Answer: It’s a terrible idea to attract attention in this way and invite a response, unless there is a genuine defense to an overreaching claim and then follow the advice in the preceding answer.
7) Are there certain cases a domain investor should bookmark and always refer back to where the panelist found owning domain names for resell is a legitimate business?
Answer: The are many cases to bookmark. The Panel in a recent case, without citation to other decisions, noted that “generally speaking, the business practice as such of registering domain names for subsequent re-sale – even for profit – is not by itself a bad faith use. This is only so, when a disputed domain name was in fact also registered in bad faith in the name of the respondent,” Algorand, Inc. v. Kabir S Rawat, FA2006001900213 (Forum July 22, 2020).
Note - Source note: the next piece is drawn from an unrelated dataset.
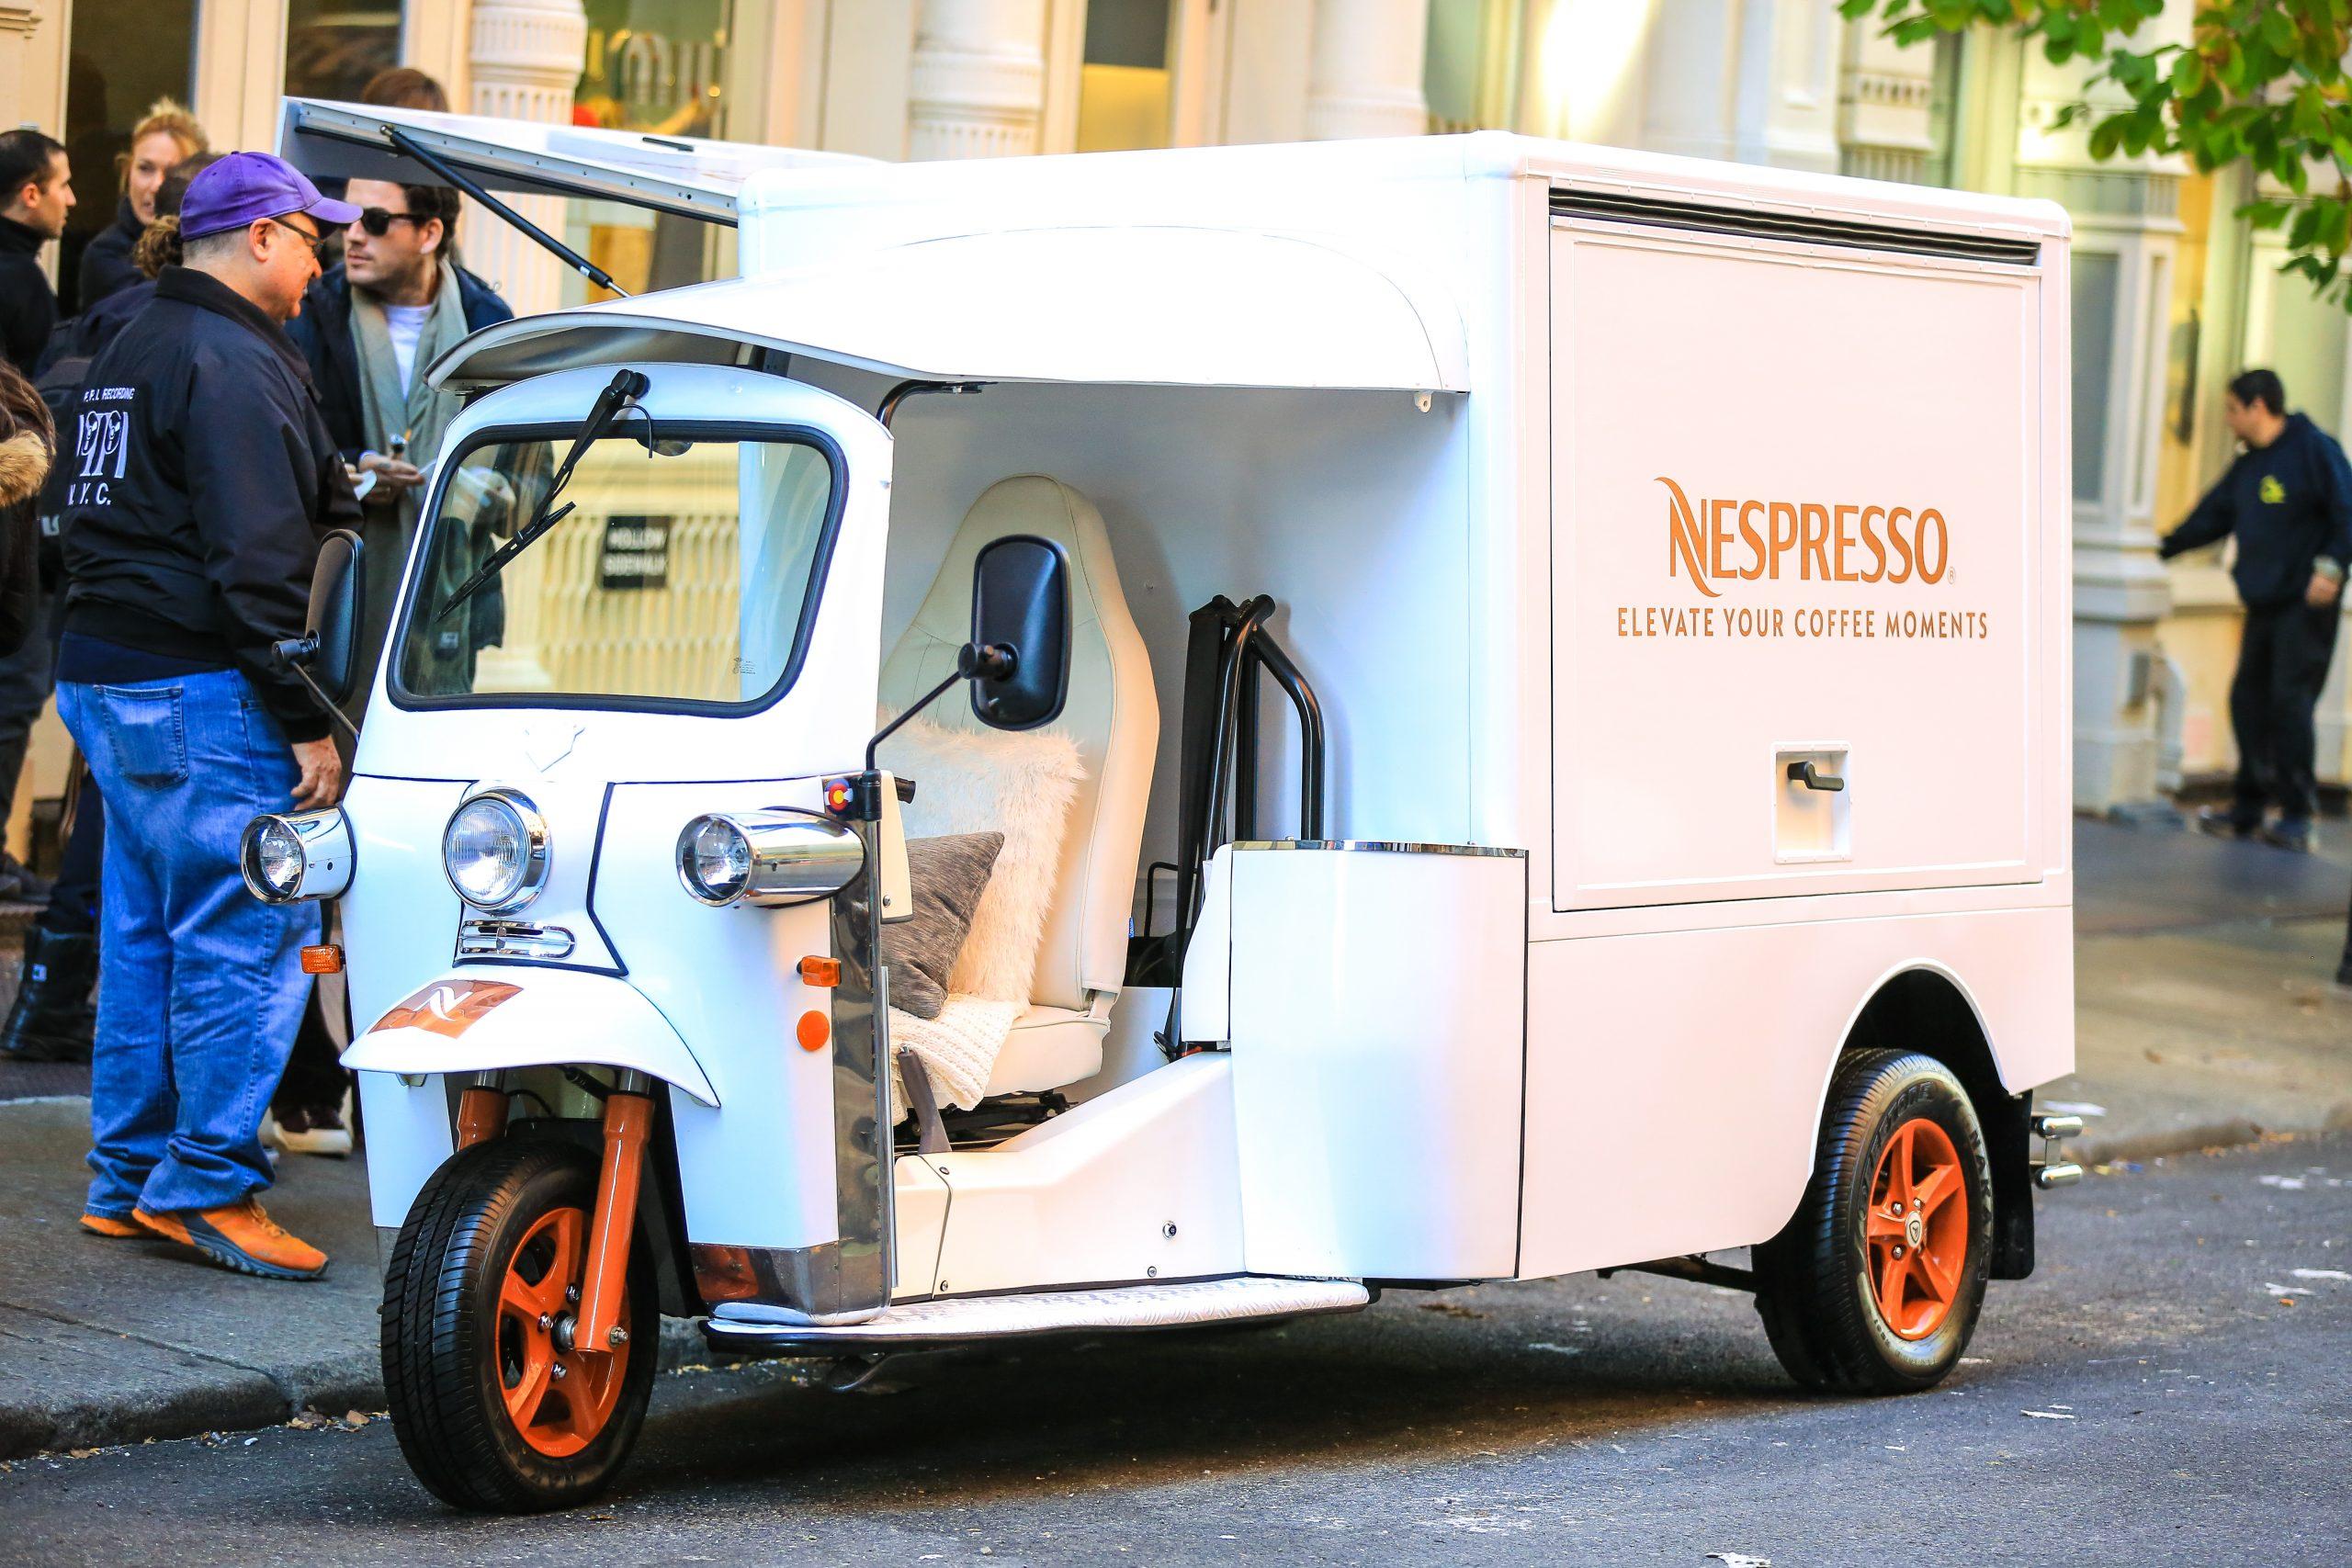 Nespresso Mobile Marketing Tour Example

The UDRP does not condemn acquiring, holding, and reselling domain names acquired for their semantic value. Many cases can be cited that confirm reselling is a legitimate business. What the UDRP does condemn is acquiring domain names for their trademark value. In ninety percent or more of the cases on the UDRP docket, the respondents have no defense and the registrations are either cancelled or the domain names transferred.
There is a sharp divide between operating a legitimate business of reselling domain name and acquiring domain name for the purpose of targeting trademarks which have magnetic power in attracting consumers.
One is lawful and the other cybersquatting. The view is well summarized in Insider, Inc. v. DNS Admin / Contact Privacy Service, FA1912001874834 (Forum February 3, 2020) a dispute on the phrase “business insider”, : [W]here it is found . . . that a respondent’s modus operandi can be summarized as registration of a domain name that is confusingly similar to the mark of another followed by exploitation of the domain name for profit while awaiting its eventual sale, the ‘reseller’ label will not serve to avoid a finding of bad faith in the registration and use of the domain name.”
8) Do you see penalties ever being awarded for findings of RDNH? I have heard some say domainers don’t want that because every time they legitimately lose, they would then have to pay a penalty.
Answer: It is very unlikely that ICANN will amend the UDRP to include monetary awards. In one instance to my knowledge, a prevailing respondent having been awarded RDNH commenced an ACPA action for attorney’s fees and damages but the matter was quickly resolved, both parties recognizing that the costs would be prohibitive.